Amicus Briefs Support Plaintiffs Fifth Third Case Filed AARP, AFL-CIO, Law School Professors, And US Solicitor General

The amicus briefs filed in support of the plaintiffs (Dudenhoeffer, and the other Respondents) focus the changed circumstances of the pension plan landscape since ERISA was enacted in 1974, and practical examples of the impact a presumption would have on litigation going forward.

The brief of the AARP starts by noting what the U.S. Supreme Court already noted in 2008 in LaRue – that an employee’s primary pension benefit is now provided through a defined contribution plan, not a DB plan. Those DC plans have concentrations of employer stock that the AARP criticizes, citing social science research and investment research studies (as well as the Enron case) that reflect poorly on the financial literacy of 401(k) plan participants. The AARP therefore asserts that applying a presumption that only excepts “extraordinary circumstances” shields fiduciaries until it is too late to save an employee’s investment in employer stock. “By the time the employee could overcome the Moench presumption, the company has collapsed causing real damage to employees’ lives” (p.15).
The amicus brief of Delta challenged the US Solicitor’s brief (when jurisdiction was before the Court), arguing that upon the Solicitor’s concession that “mere stock drops” were not enough to satisfy Rule 8(a), companies would, in fact, be sued for mere stock drops unless a presumption applied. The Solicitor’s brief on the merits as amicus responds by pointing out that Rule 8(a) already applies to weed out implausible claims that only allege that the stock dropped; in this case, the allegation that the fiduciaries knew or should have known that the stock price was artificially inflated and did not take action is sufficient to state a claim. Applying the presumption urged by the Petitioners and Delta would be “virtually insurmountable” (p.15).

The AFL-CIO’s brief takes issue with the fact that the fiduciaries were insiders; if those insiders were prevented by securities laws from acting on inside information to benefit the plan “that is just another way of saying that the Petitioners were personally disabled from fully exercising their authority to responsibly manage plan assets” and should have brought in an independent trustee (p.16).

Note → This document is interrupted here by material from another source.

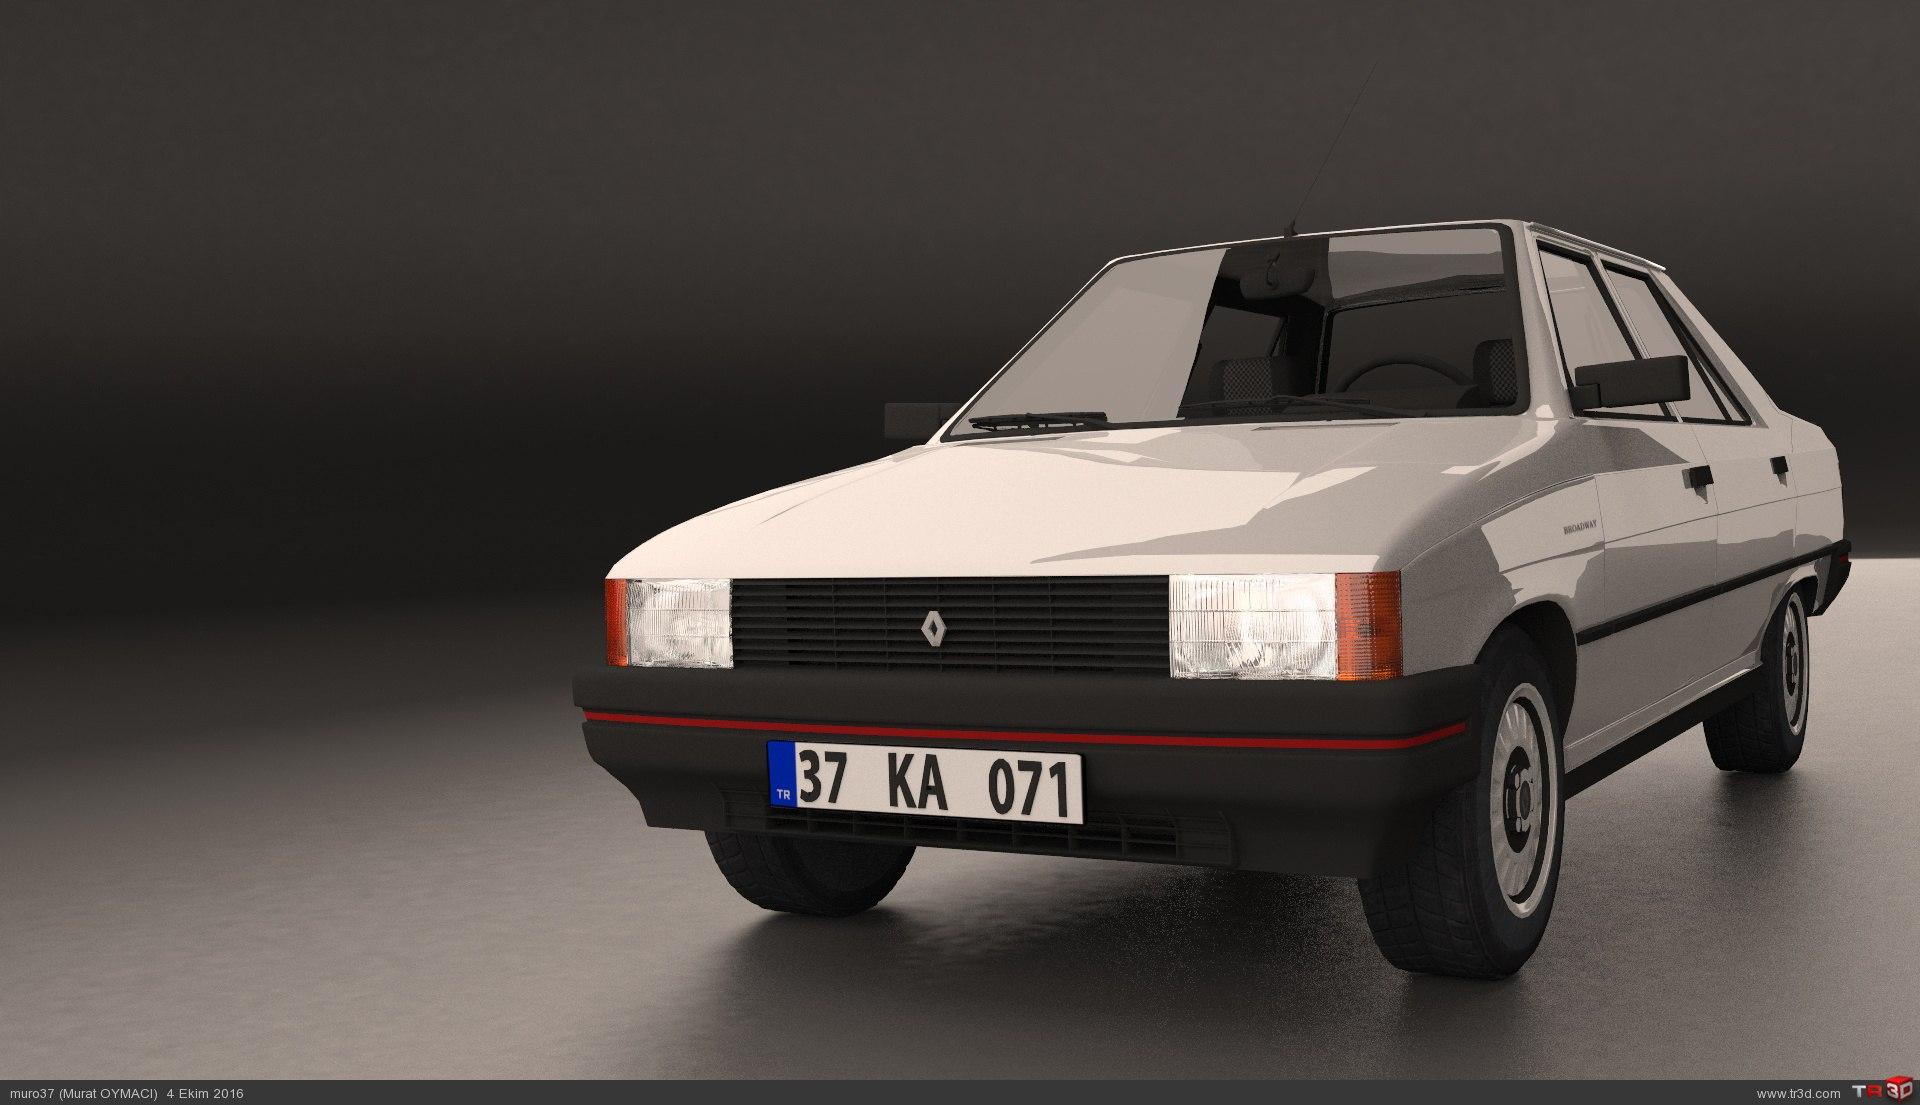 1992 Renault 9 Broadway

And the brief of law school professors who teach employee benefits law urges the Court to remember that it is protecting retirement savings, and not fostering employee ownership, that ERISA is most concerned about. The professors do not think that a presumption should apply to ESOPs that are contained within the 401(k) plans of publicly-traded companies, and also ask the Court to consider whether ESOPs are beneficial at all, citing Judge Posner’s stinging rebuke of ESOPs in the Summers case (p.15).